> Source material:
——
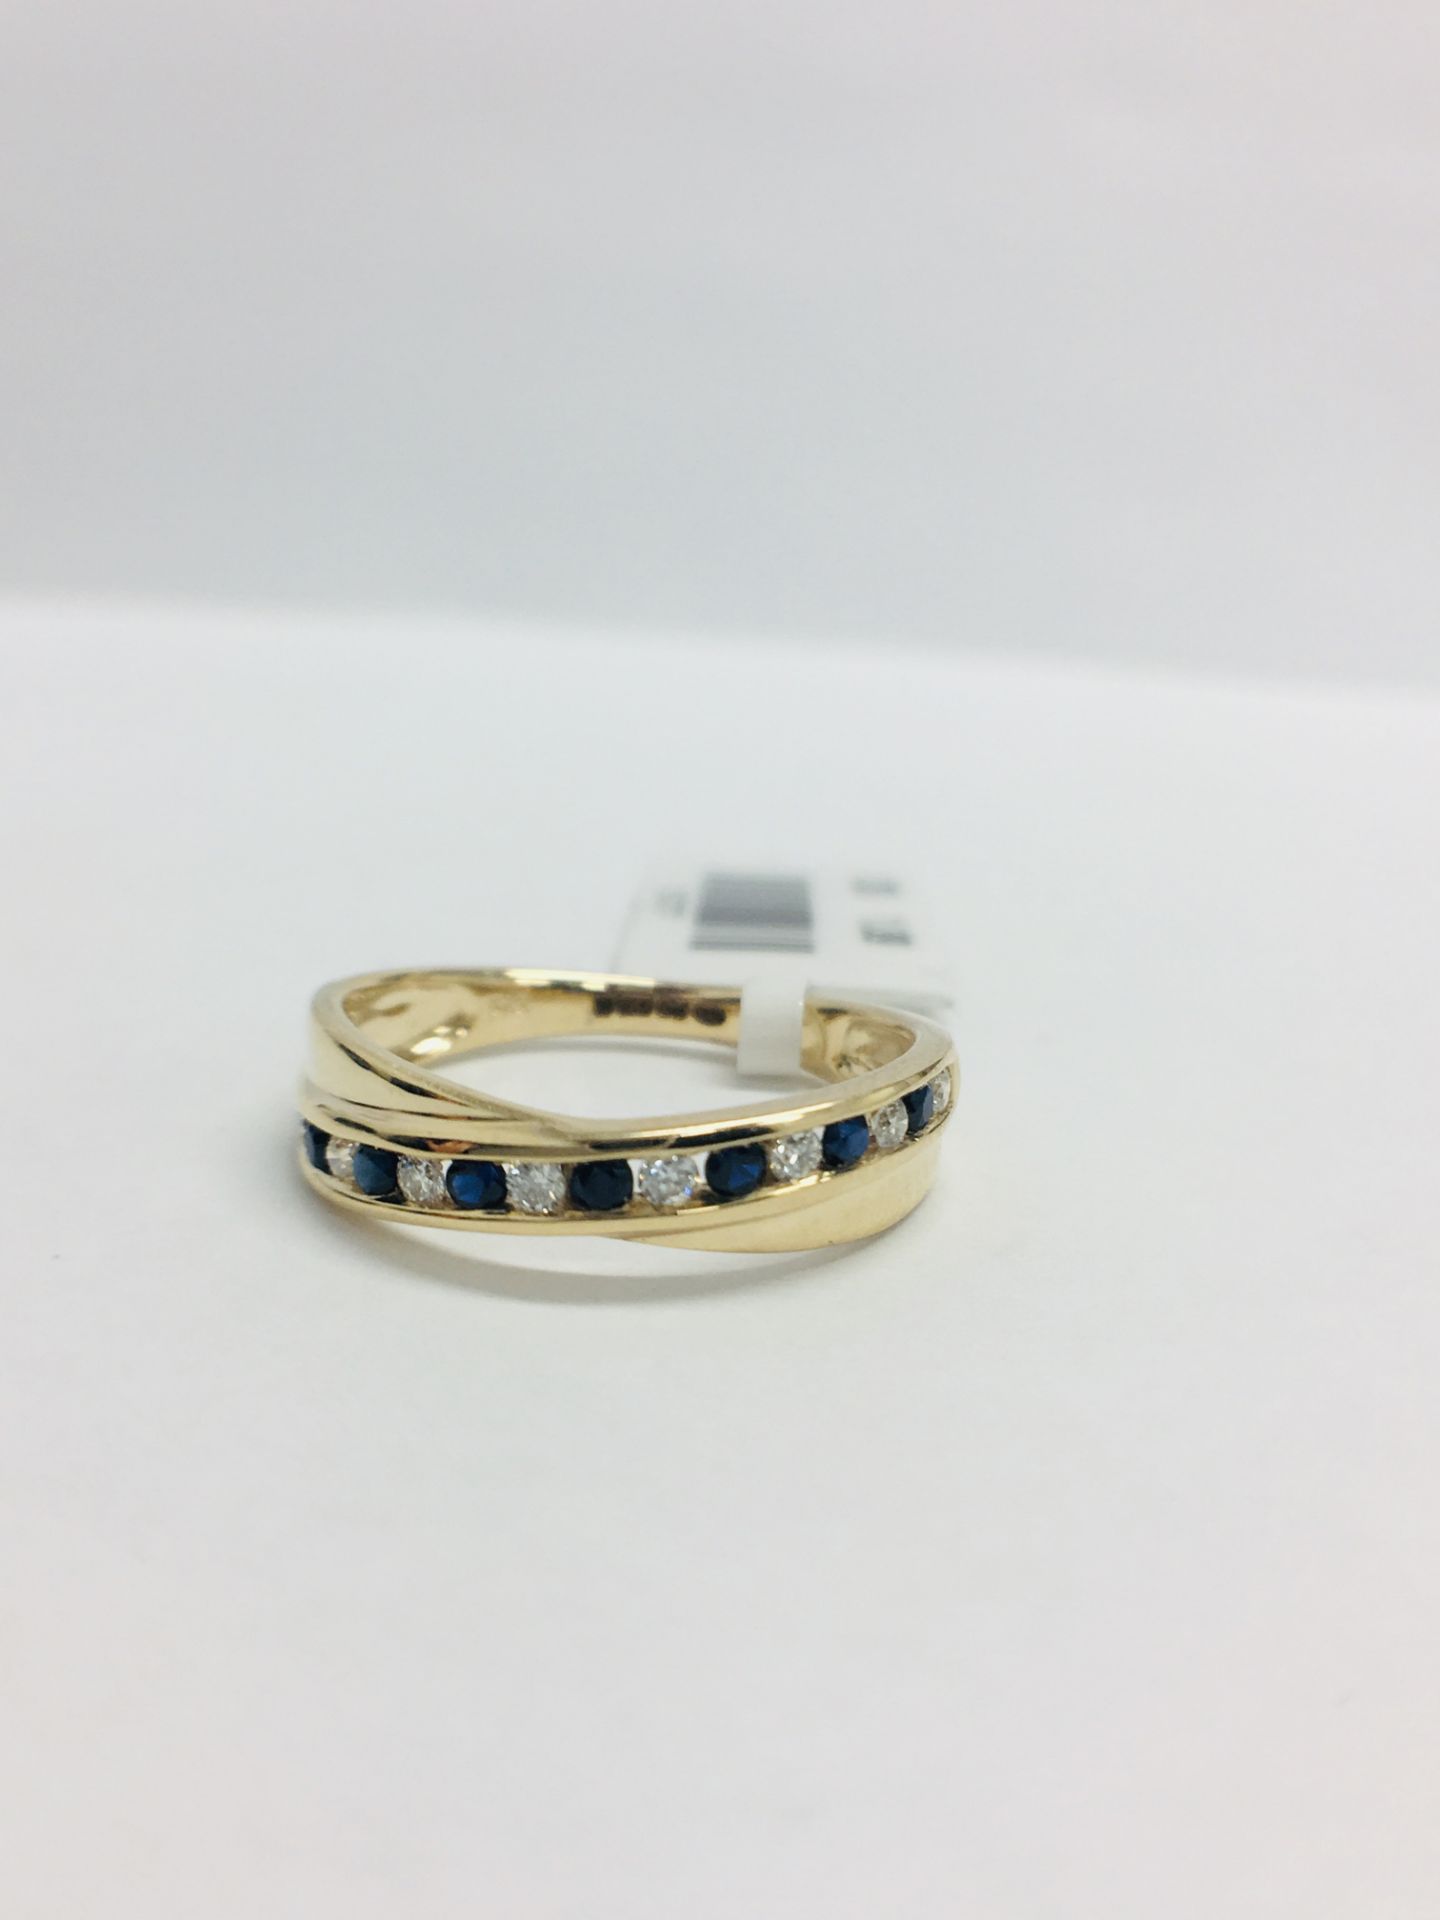 9ct Yellow Gold Sapphire Diamond Crossover Band Ring - Image 10 of 11
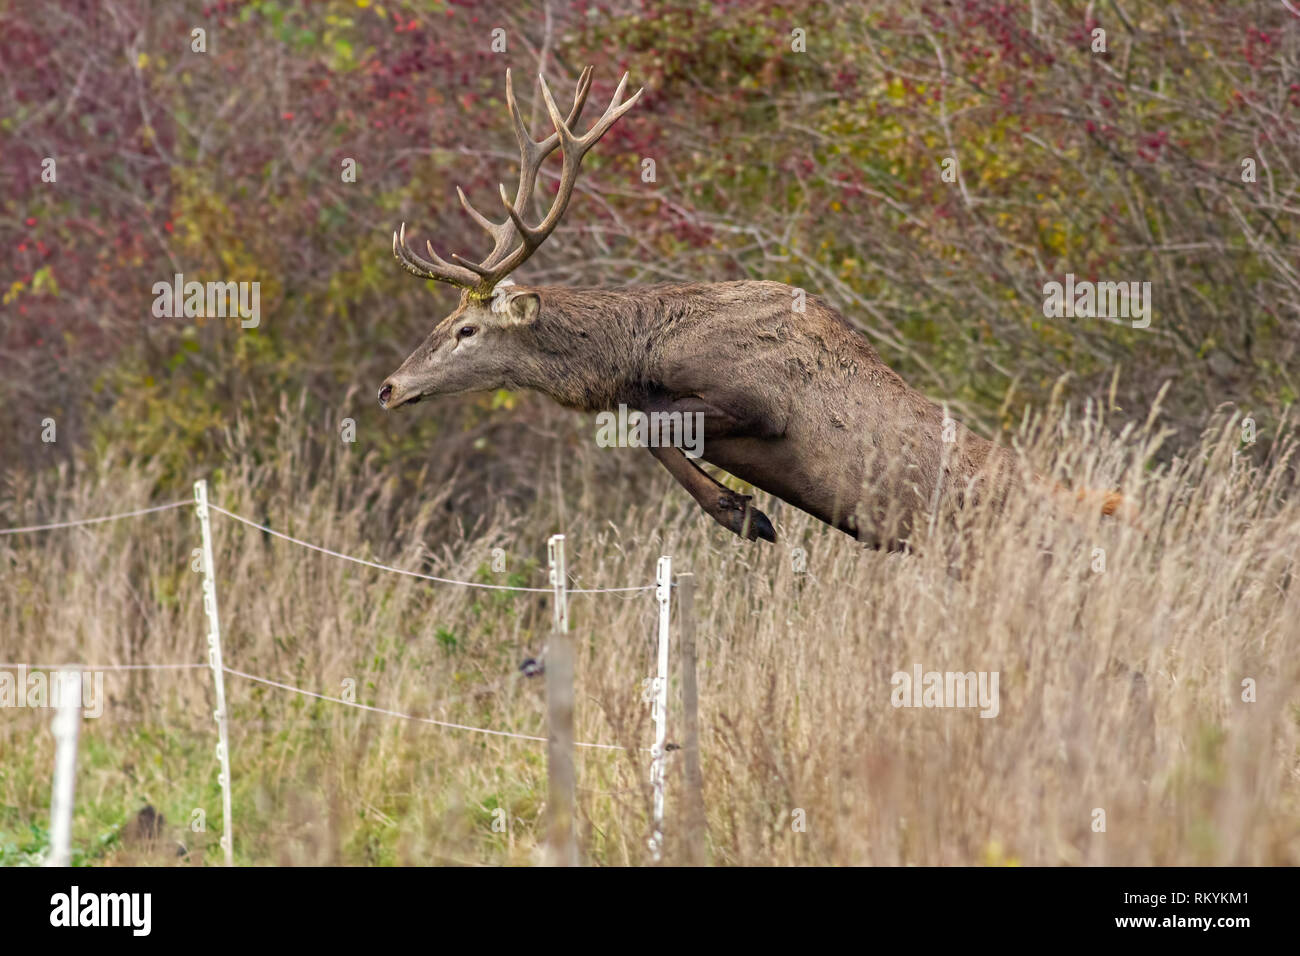 Red deer, cervus elaphus, stag jumping over fence captured mid air. Concept of wild animal migrating to agricultural fields. Concept of a mammal overc Stock Photo
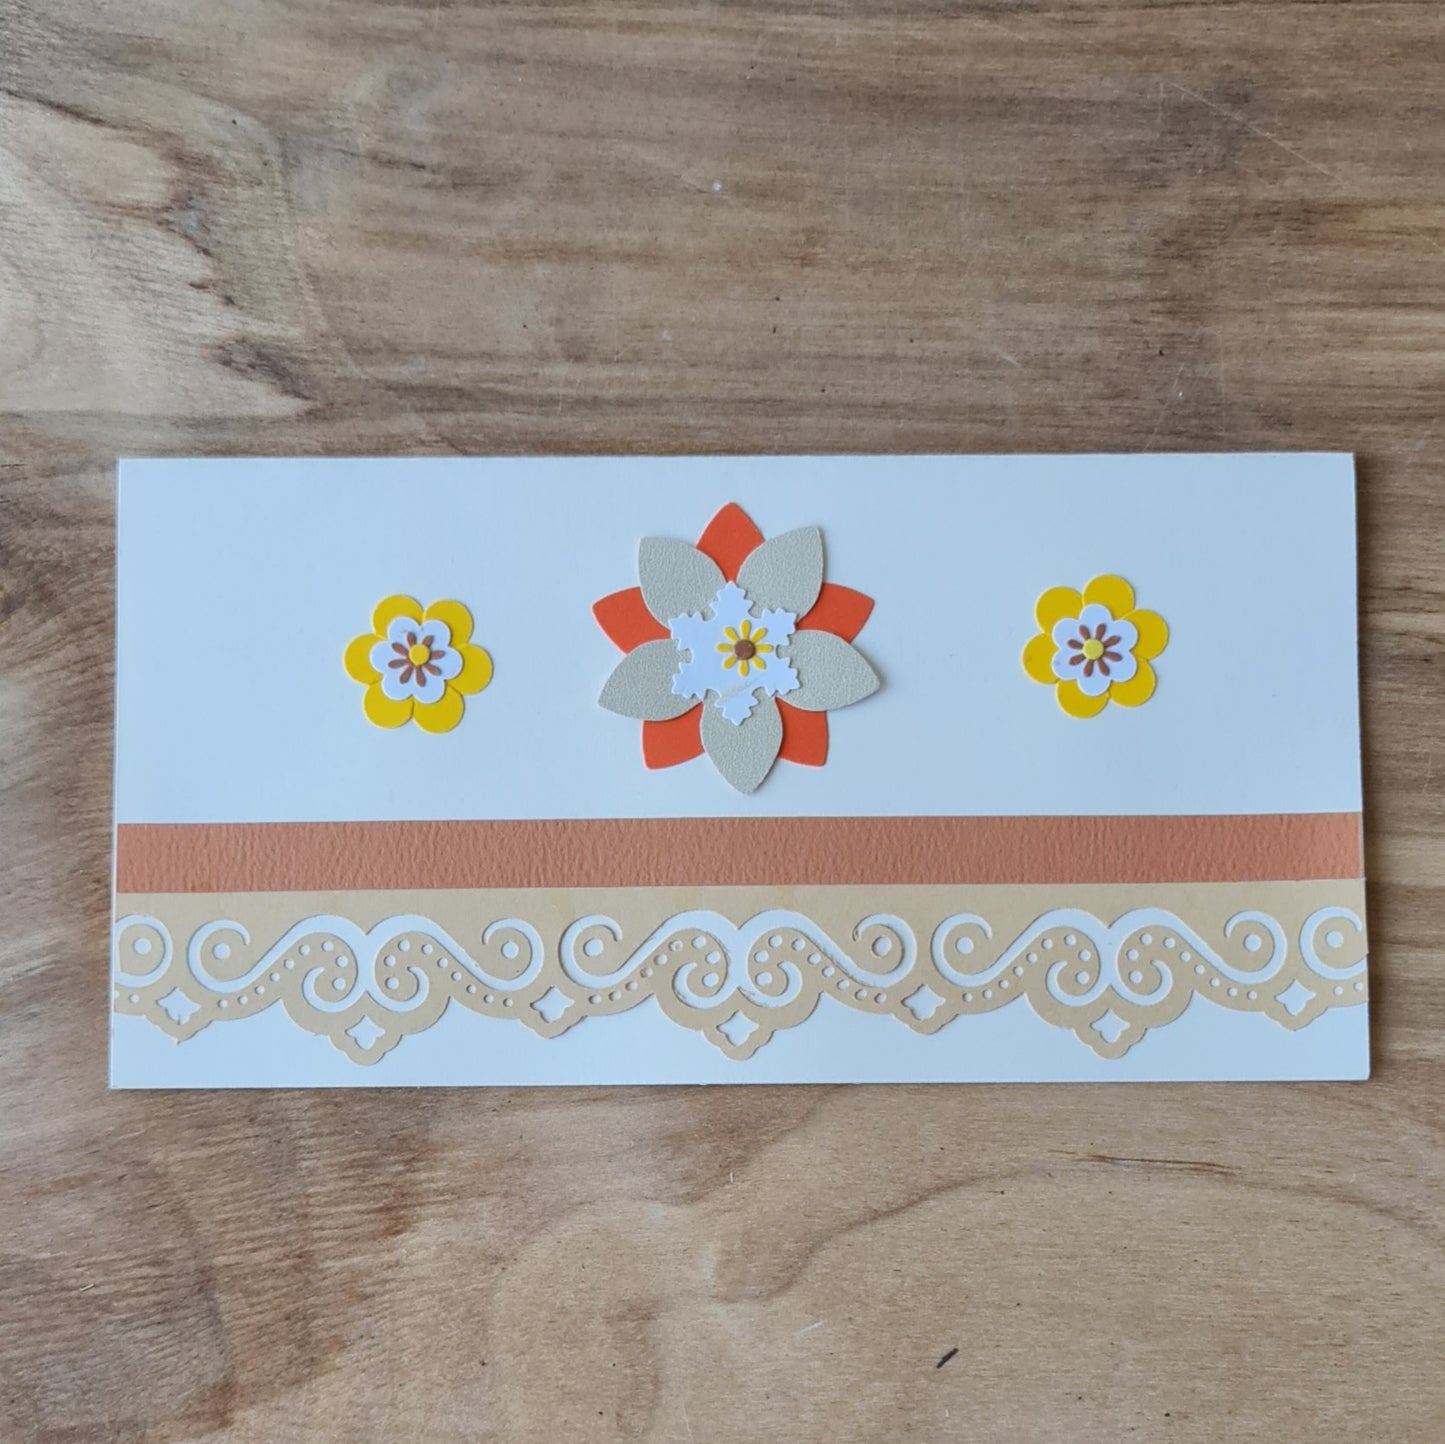 Paper card 3D on a light background with brown/orange/yellow floral elements and a decorative line 21 x 10.5 cm (AMA)
——
> What to work on: Your copy of the listing should match it exactly, apart from the pictures, which are left out.

> Problem solution:
 9ct Yellow Gold Sapphire Diamond Crossover Band Ring - Image 10 of 11
 Red deer, cervus elaphus, stag jumping over fence captured mid air. Concept of wild animal migrating to agricultural fields. Concept of a mammal overc Stock Photo
 Paper card 3D on a light background with brown/orange/yellow floral elements and a decorative line 21 x 10.5 cm (AMA)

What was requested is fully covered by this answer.